A diversificação económica não deve ser apenas uma dispersão de esforços precisa de foco e priorização. Angola tem condições para desenvolver quatro grandes motores complementares ao petróleo:

 

  • Agronegócio e indústria alimentar:
    Angola pode transformar-se no celeiro da África Austral. Com terras férteis, recursos hídricos abundantes e clima favorável, há potencial para produzir e processar alimentos, criando cadeias de valor locais. O desafio está na mecanização, na logística e no financiamento rural. Programas de microcrédito agrícola e parcerias público-privadas podem acelerar esse caminho.

 

  • Mineração e indústrias de transformação:
    O país é rico em diamantes, ferro, cobre, ouro e minerais críticos usados em tecnologias verdes. Em vez de exportar apenas matéria-prima, Angola deve apostar na industrialização local, transformando minérios, produzindo metais e componentes. Isso exige energia estável, zonas industriais bem equipadas e políticas fiscais atrativas.

 

  • Turismo e património cultural:
    Com uma costa de 1.600 km, parques naturais, cidades históricas e diversidade cultural, Angola pode construir uma marca turística diferenciada.

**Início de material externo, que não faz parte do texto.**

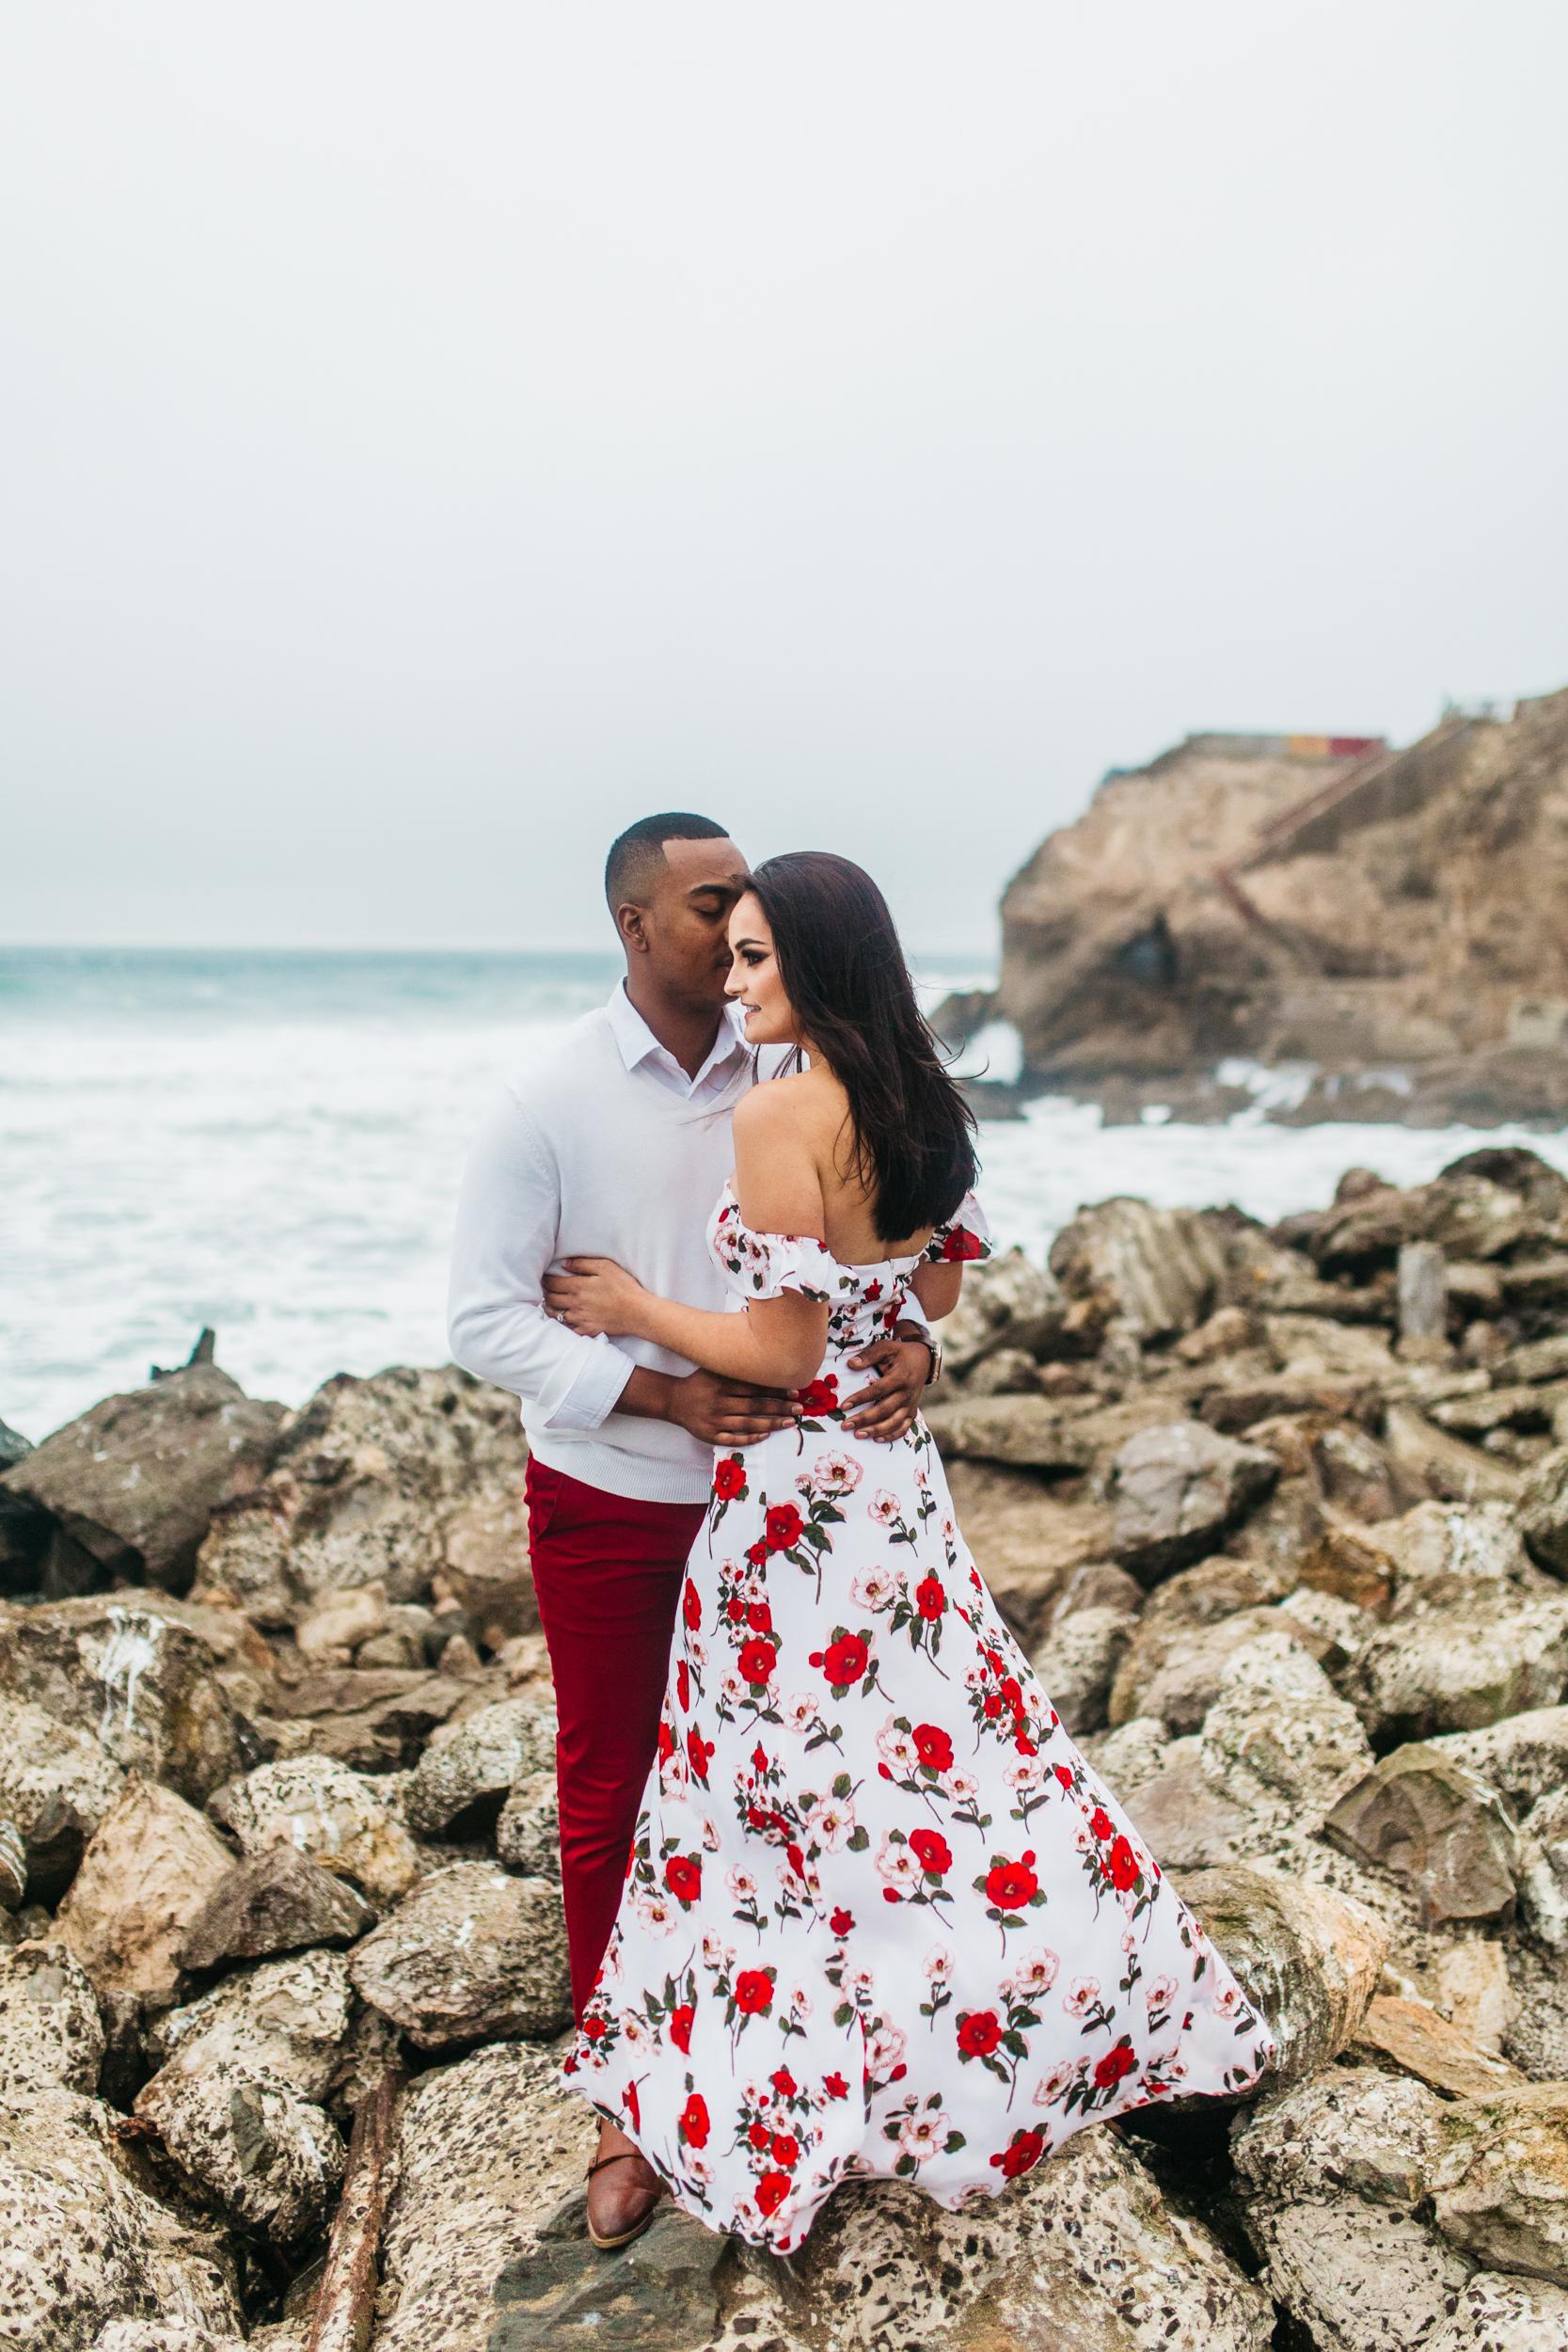 Engagement Photos-Ranalla Photo and Films-17.jpg

Contudo, é necessário investir em acessos, formação e promoção internacional. O turismo é uma indústria de contacto humano e pode gerar milhares de empregos diretos, sobretudo para os jovens.

 

  • Economia digital e inovação:
    A revolução tecnológica representa uma oportunidade para saltar etapas. Start-ups angolanas começam a despontar em áreas como fintech, educação online e e-commerce. O investimento em conectividade, formação em programação e cibersegurança pode transformar o sector num dos pilares do futuro. O Estado deve atuar como facilitador, não como controlador.

 

Reformas estruturais: o verdadeiro teste

A transição económica não será possível sem reformas estruturais profundas. Em primeiro lugar, é indispensável modernizar o sistema fiscal, tornando-o mais simples e justo, para que pequenas e médias empresas possam crescer. Em segundo, o sistema financeiro precisa abrir-se a novas formas de financiamento, como fundos de investimento e capital de risco, reduzindo a dependência do crédito bancário.

A reforma do ensino técnico e profissional também é central. Um país diversificado precisa de técnicos, engenheiros e gestores formados para os sectores produtivos. A educação não pode continuar desligada das necessidades reais do mercado de trabalho. Além disso, a luta contra a corrupção e a transparência na gestão pública são pré-condições para atrair investimento sustentável.

A descentralização económica com mais competências e recursos para as províncias é outro pilar estratégico. O desenvolvimento não pode continuar concentrado em Luanda. Províncias como Huíla, Benguela, Cuanza Sul ou Malanje têm potencial para se tornar polos agroindustriais, turísticos e logísticos. É no território que a diversificação deve acontecer, não apenas nas planilhas de ministérios.

 

Um futuro possível: Angola produtiva e sustentável

Diversificar não é abandonar o petróleo, mas usar a sua riqueza como alavanca para um novo ciclo. O desafio é converter rendas do passado em investimentos do futuro em escolas, tecnologia, infraestruturas e inovação. O petróleo deve financiar a transição, não perpetuar a dependência.

O futuro de Angola será decidido pela capacidade de transformar a sua economia rentista numa economia produtiva. Isso exige continuidade política, instituições sólidas e uma visão nacional partilhada. Não se trata apenas de reformar leis ou criar programas, mas de mudar mentalidades: substituir o imediatismo da extração pela paciência da produção.

O país dispõe de recursos, juventude, território e posição geográfica estratégica. O que falta é disciplina, coordenação e um compromisso coletivo com o desenvolvimento. Se Angola conseguir fazer essa travessia do petróleo à produtividade, poderá finalmente libertar-se da maldição dos recursos e construir uma economia verdadeiramente soberana, inclusiva e sustentável.

 

Conclusão:

A diversificação não é apenas um tema económico é um projeto de nação. Um país que produz, transforma e exporta com base no seu próprio talento torna-se mais independente e respeitado. É tempo de Angola olhar para além do petróleo e descobrir que a sua maior riqueza sempre esteve no seu povo.